Semantica , semantica , semantica. È un po’ la moda del momento: sembra che tutto quello che è semantico debba in qualche modo essere bello, vincente. Tim Berners-Lee, papà del web, vorrebbe trasformare tutta Internet in un universo semantico: difficile che ci riesca, ma è indubbio che la tecnologia in questo campo abbia compiuto negli ultimi tempi degli importanti passi in avanti .

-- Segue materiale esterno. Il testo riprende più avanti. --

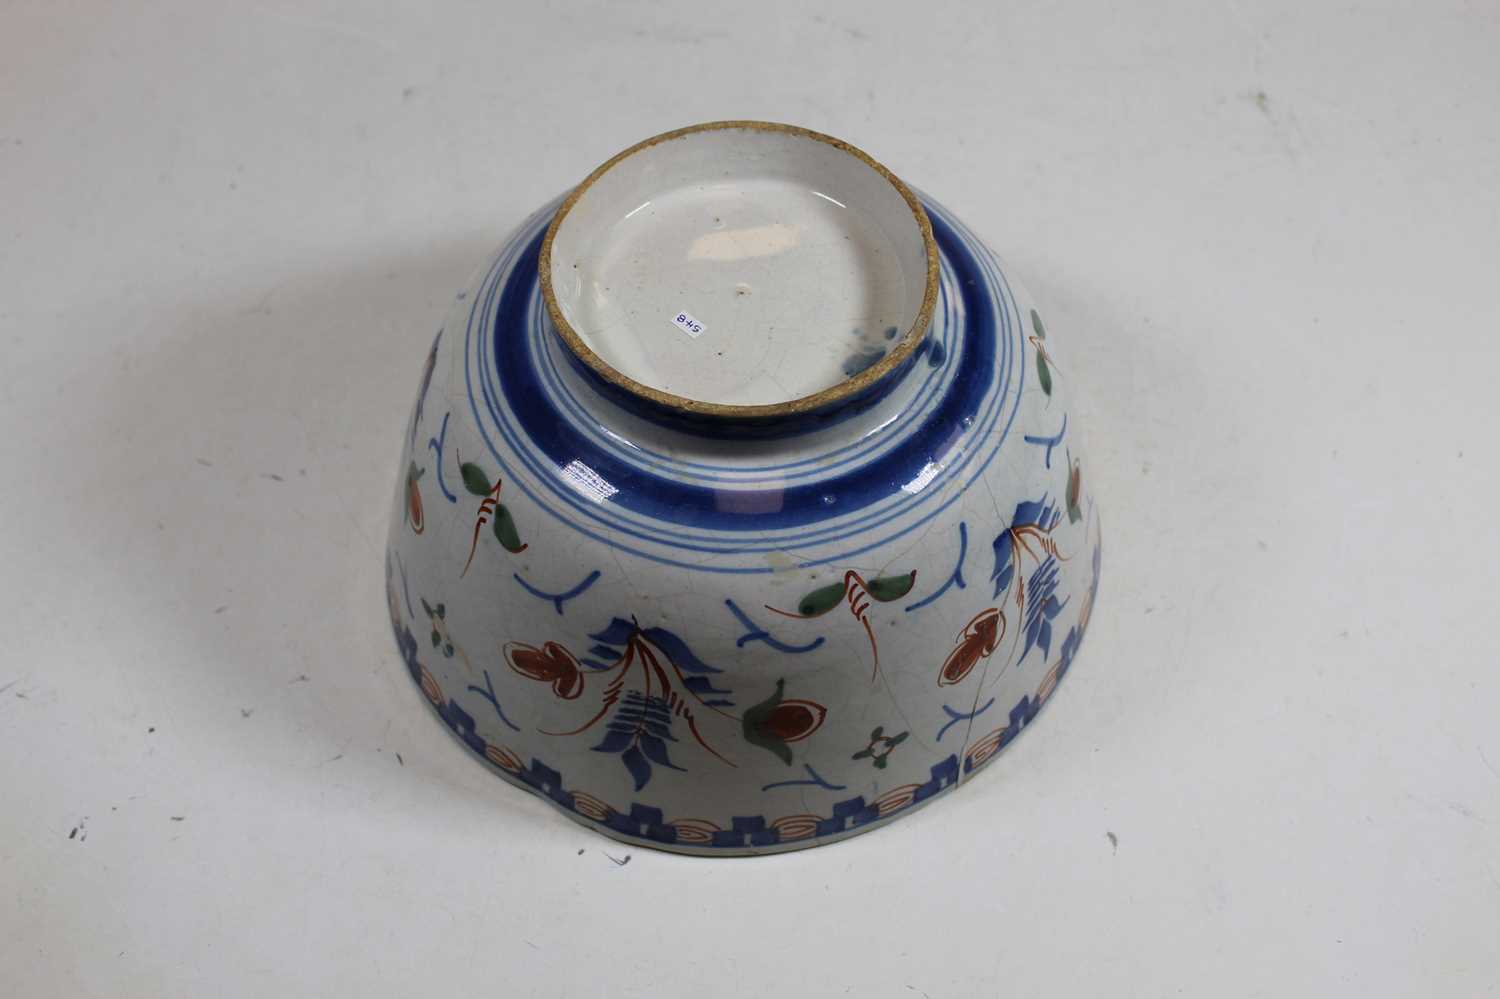 An 18th century English Delft bowl, decorated in shades of blue, brown and green, on circular foot - Image 3 of 3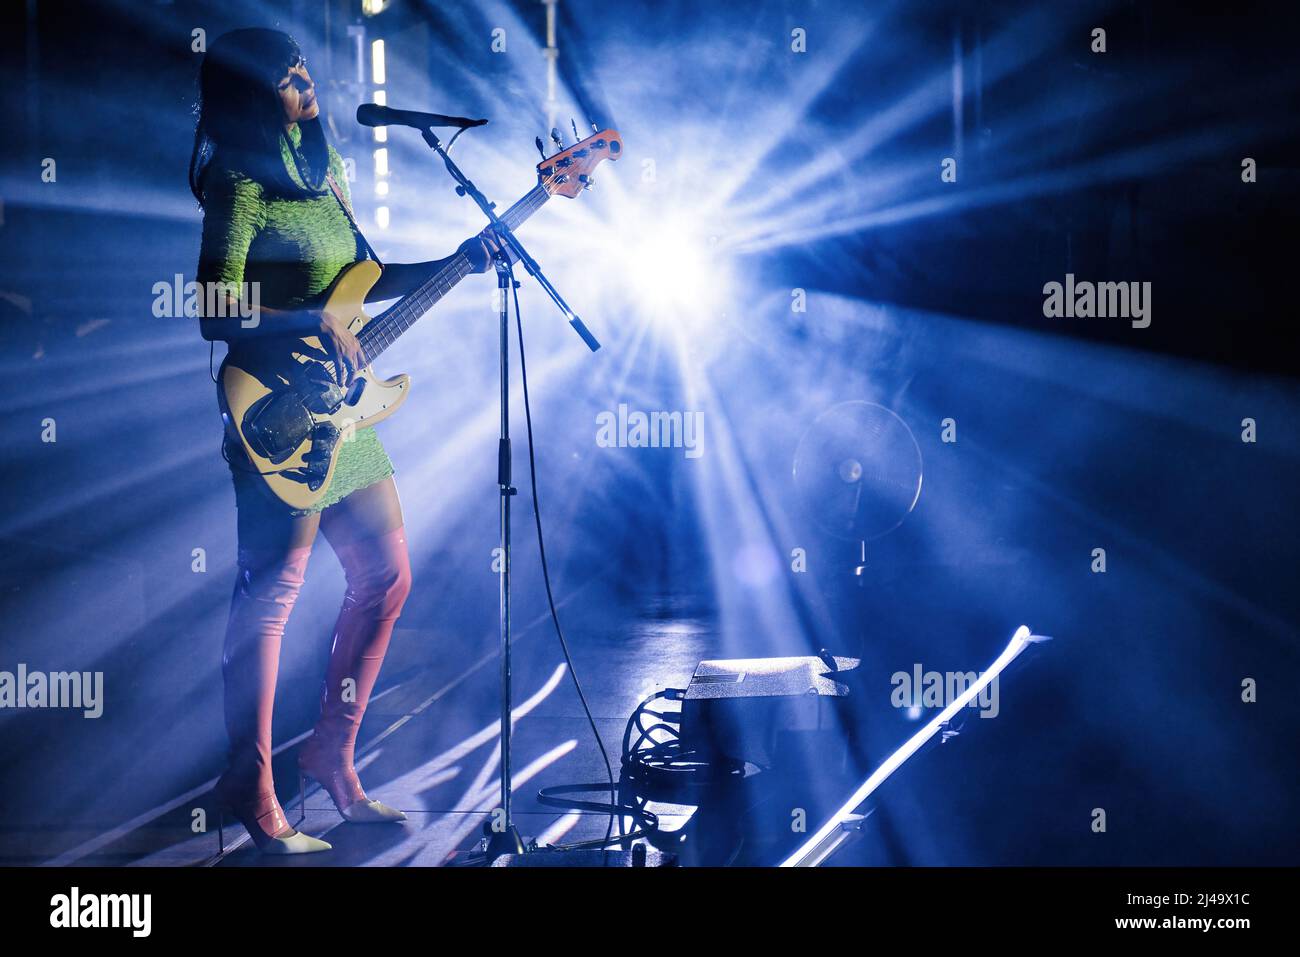 Copenhagen, Denmark. 10th, April 2022 The American funk trio Khruangbin performs a live concert at HB Hallen in Copenhagen. Here bass player Laura Lee is seen live on stage. (Photo credit: Gonzales Photo - Peter Troest). Stock Photo

Il problema è che spesso, troppo spesso forse, la parola semantica viene usata per descrivere quanto semantico non è. In altri casi se ne sanciscono invece le doti terapeutiche per qualsiasi problema, di aziende o di privati: “C’è chi la vede come una soluzione miracolosa” spiega Marco Varone, presidente e CTO di Expert System , azienda italiana impegnata da anni nel settore, “mentre altri la definiscono l’ennesima moda che tra poco sarà passata”.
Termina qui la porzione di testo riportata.